Тут Илья Борисович встретился глазами с молодым человеком, мужем угловатой дамы, и тот как бы замер, а потом, вздрогнув, застонал и начал как-то напирать на жену, которая, однако, продолжала:
— Дело не в этом несчастном Ильине, а в принципах.
— Иногда приходится ими жертвовать, — сдержанно отвечал баритон.
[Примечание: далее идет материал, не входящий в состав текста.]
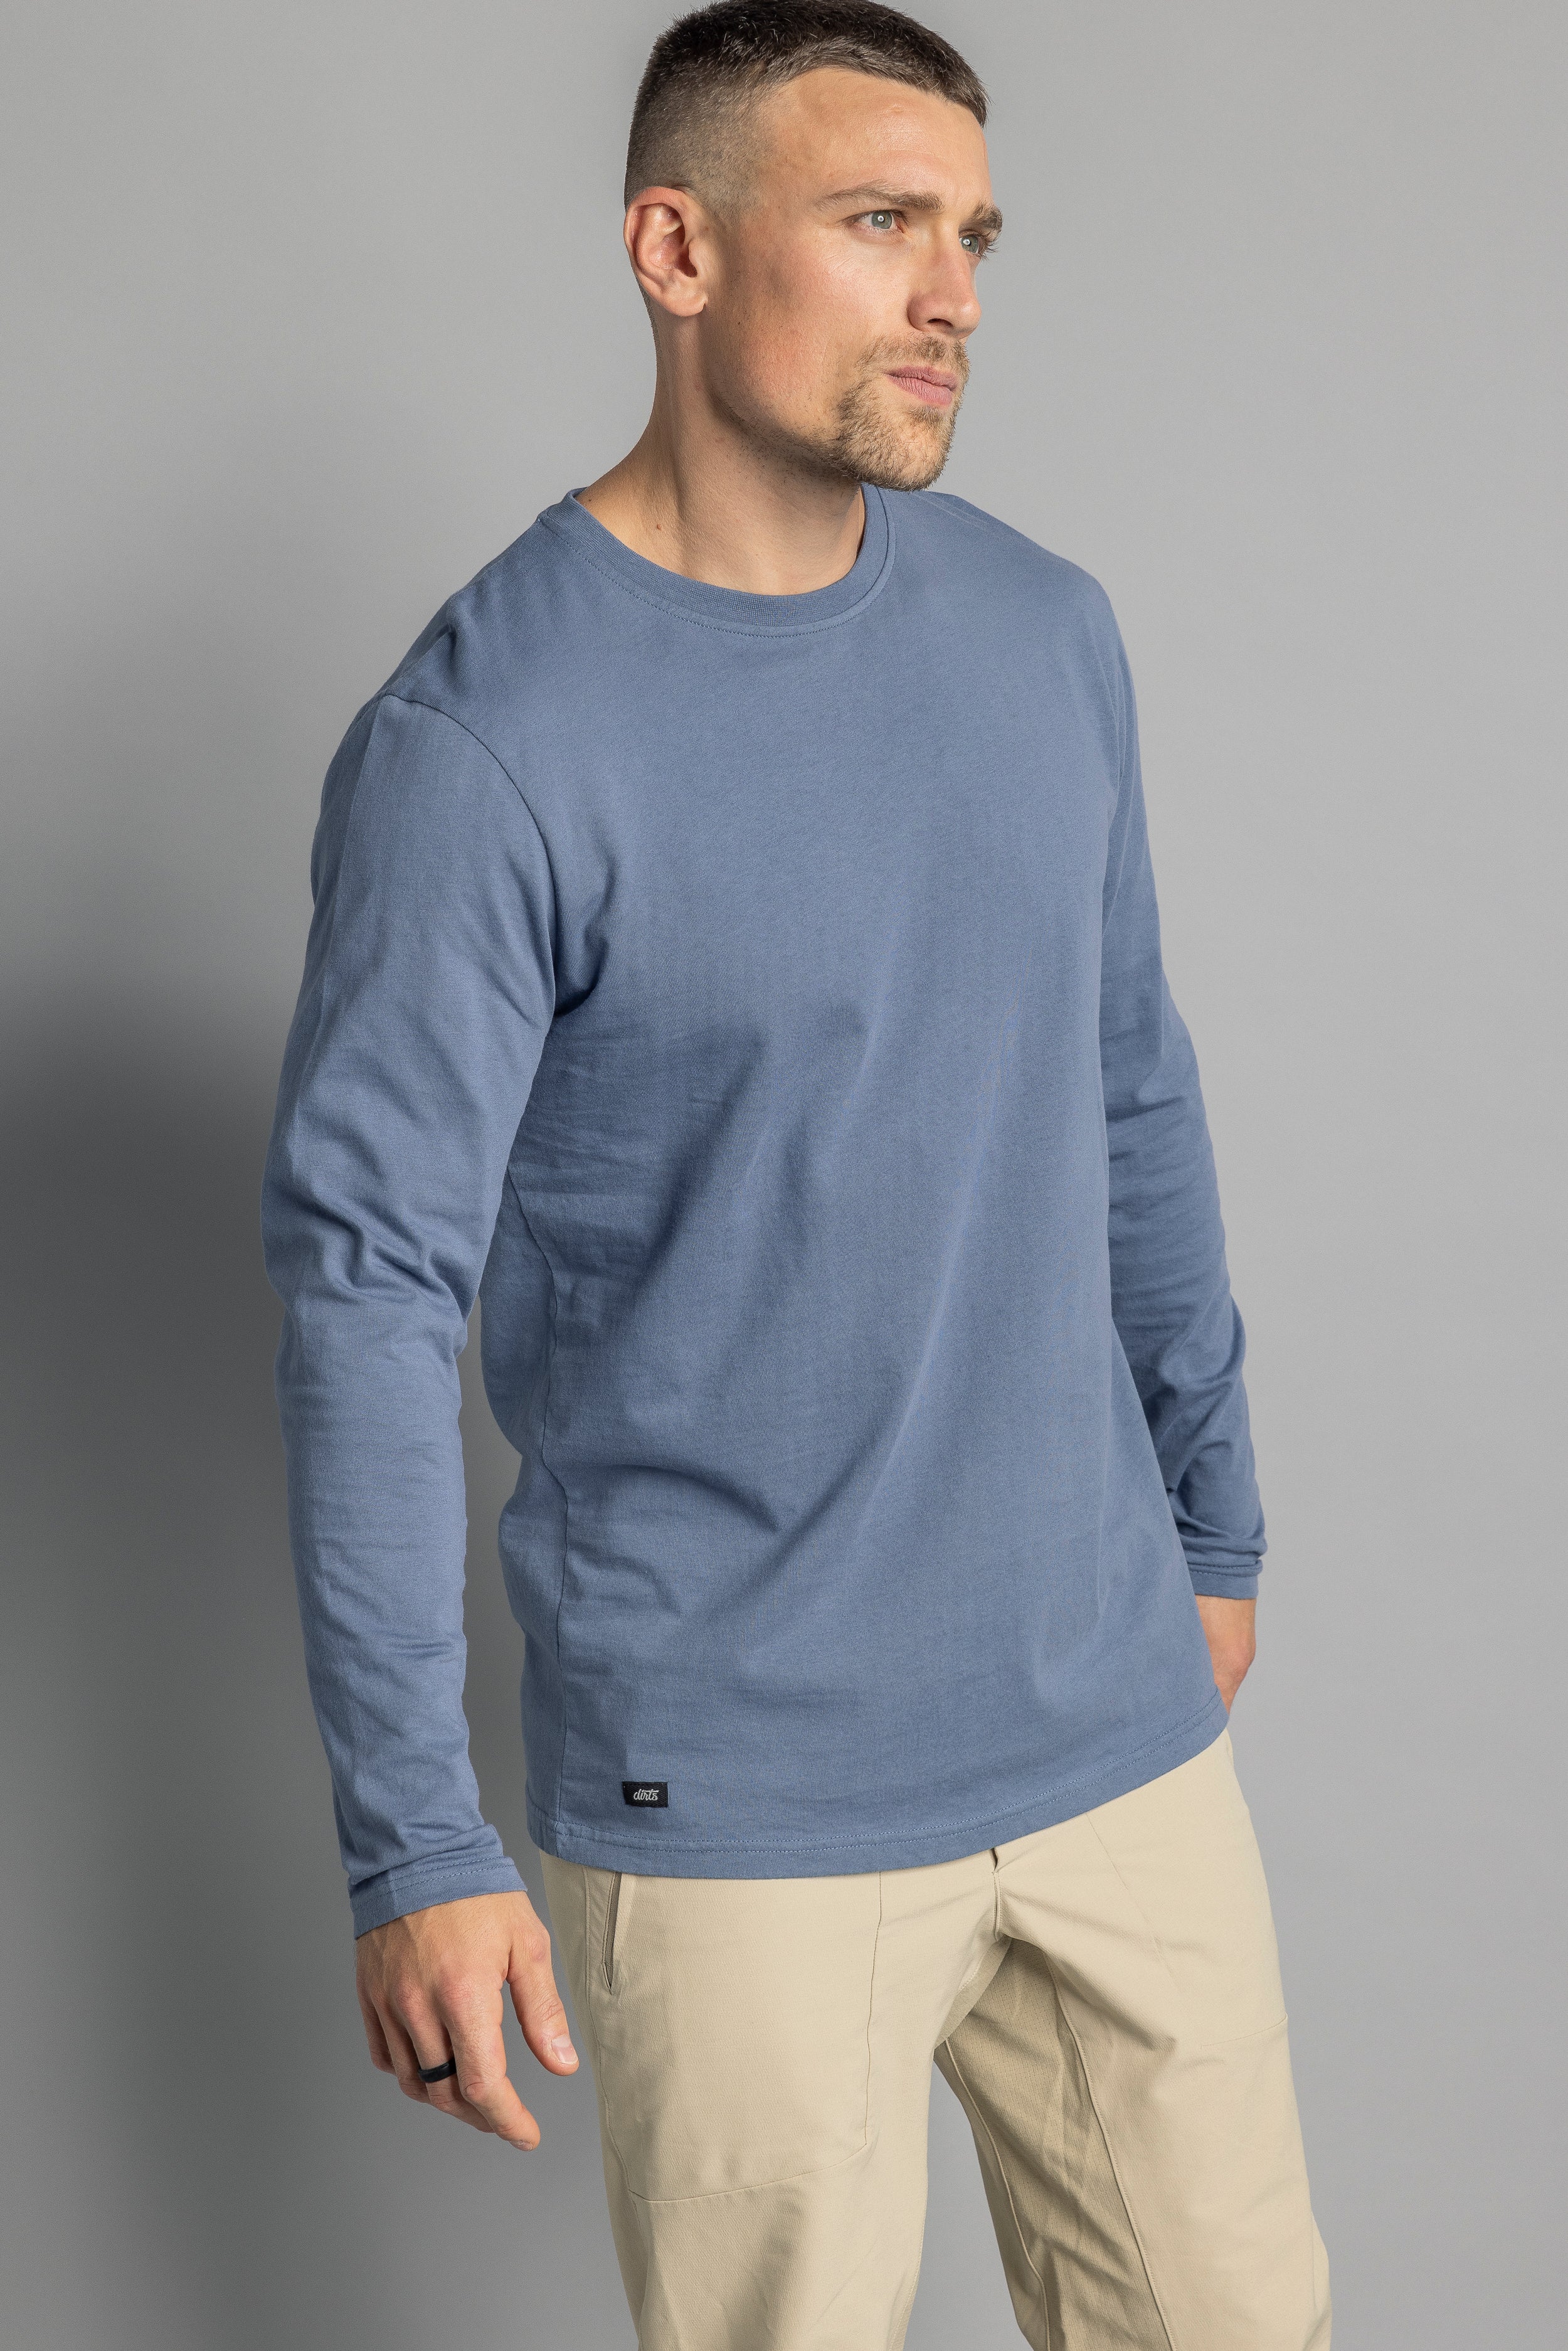 Blaues, langärmliges T-Shirt aus recycelter Baumwolle von DIRTS

Но Илья Борисович уже не слышал и видел сквозь туман и, совершенно потерявшись, совершенно еще не сознавая ужаса происшедшего, а только стремясь инстинктивно поскорее отойти от чего-то стыдного, гнусного, нестерпимого, подвинулся было к смутному столику, где смутно продавались билеты, но вдруг судорожно повернул вспять, толкнул при этом спешившего к нему Евфратского и, очутившись опять у гардероба, протянул свой жетон. Старуха в черном, — 79, вон там… Он страшно заторопился, он уже размахнулся, чтобы влезть в рукав пальто, но тут подскочил Евфратский и с ним тот, тот…
— Вот и наш редактор, — сказал Евфратский, и Галатов, выкатив глаза и пытаясь не дать Илье Борисовичу опомниться, хватал его за рукав, помогая ему, и быстро говорил:
— Очень рад познакомиться, очень рад познакомиться, позвольте помочь.
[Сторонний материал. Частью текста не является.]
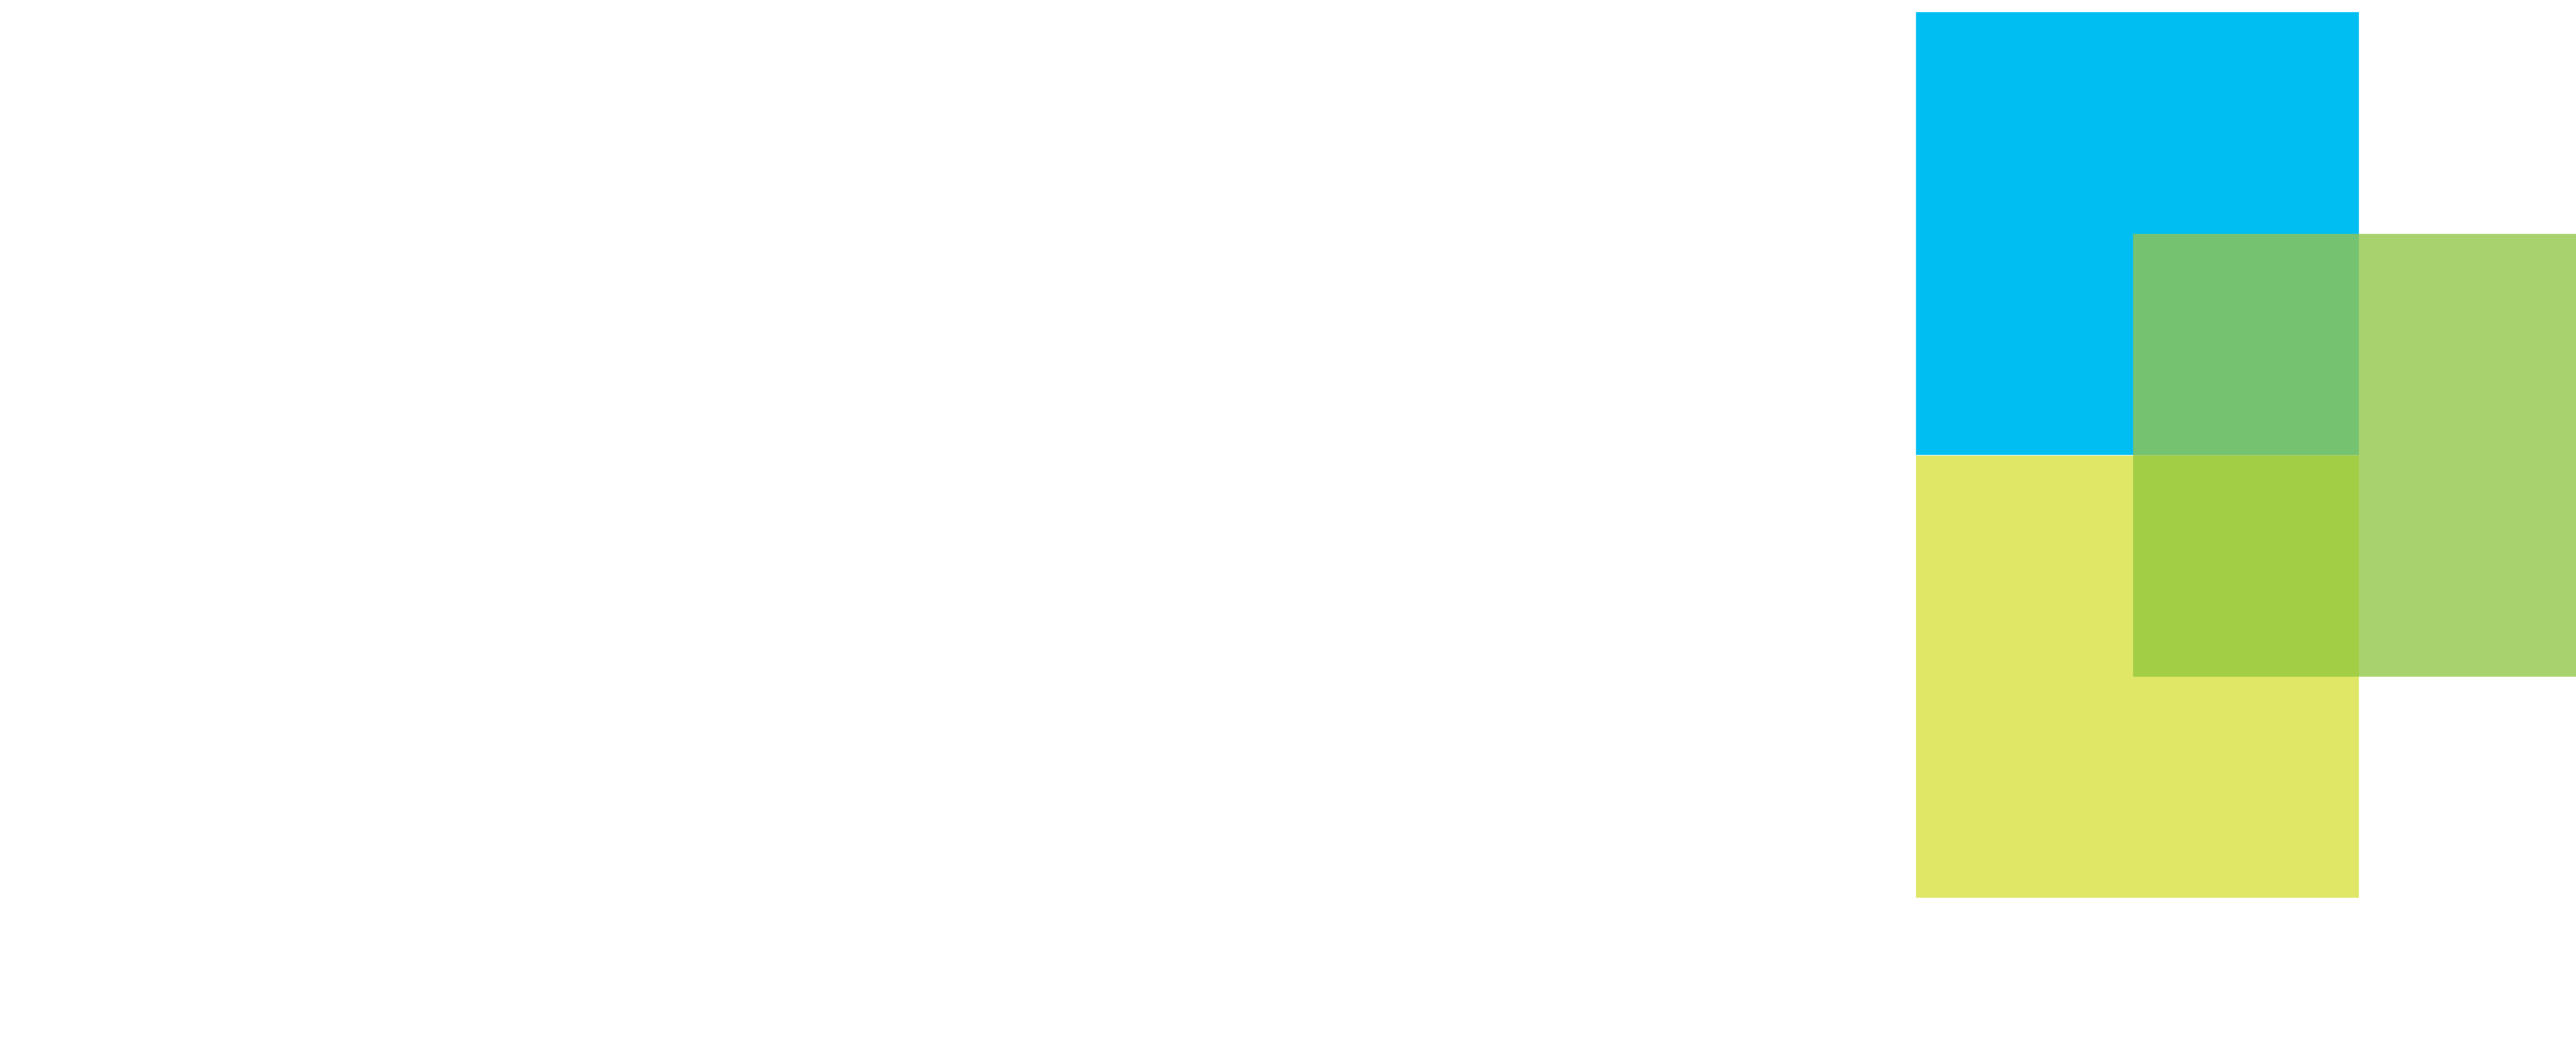 PRA Group

— Ах, Боже мой, оставьте, — сказал Илья Борисович, борясь с пальто, с Галатовым, — оставьте меня. Это гадость. Я не могу. Это гадость.
— Явное недоразумение, — молниеносно вставил Галатов.
— Оставьте, пожалуйста, — крикнул Илья Борисович и, вырвавшись из его рук, сгреб с прилавка котелок и, все еще надевая пальто, вышел.
— Что это, что это, ах, что это, — шептал он, шагая по тротуару, но вдруг растопырил руки: забыл трость.
Он машинально пошел дальше, а потом тихонько споткнулся и стал, точно кончился завод.
— Зайду за ней, когда они там начнут. Надо подождать…
Мимо проезжали автомобили, звонил трамвай, ночь была ясная, сухая, нарядная. Он медленно двинулся назад, к театру. Он думал о том, что стар, одинок, что у него очень мало радостей и что старики должны за радости платить. Он думал о том, что, может быть, еще нынче, а завтра наверное Галатов будет объяснять, увещевать, оправдываться. Он знал, что надо все простить, иначе продолжения не будет. И еще он думал о том, что его полностью оценят, когда он умрет, и вспоминал, собирал в кучку крупицы похвал, слышанных им за последнее время, и тихо ходил взад и вперед по тротуару, и погодя вернулся за тростью.
Встреча
У Льва был брат Серафим, Серафим был старше и толще его, — впрочем, весьма возможно, что за эти девять,
нет, позвольте, десять, Боже мой — десять с лишком лет он похудел, кто его знает, — будет известно через несколько минут. Лев уехал, Серафим остался, — и то и другое произошло совсем случайно, — и даже, если хотите, именно Лев был скорее левоват, Серафим же, только что окончивший тогда Политехникум, ни о чем, кроме как о своем поприще, не думал, боялся политических сквозняков, странно, странно, странно, — через несколько минут он войдет. Обняться? Сколько лет, сколько зим? Спец. О, эти слова с отъеденными хвостами, точно рыбьи головизны… спец…Утром был телефонный звонок, чужой женский голос по-немецки сообщил: приехал, хотел бы сегодня вечером зайти, завтра уезжает. Неожиданность, — хотя Лев уже знал, что брат в Берлине. У Льва был знакомый, у которого был знакомый, у которого, в свою очередь, был знакомый, служивший в торгпредстве. Командировка, закупает что-нибудь. Он в партии? Десять с лишком лет.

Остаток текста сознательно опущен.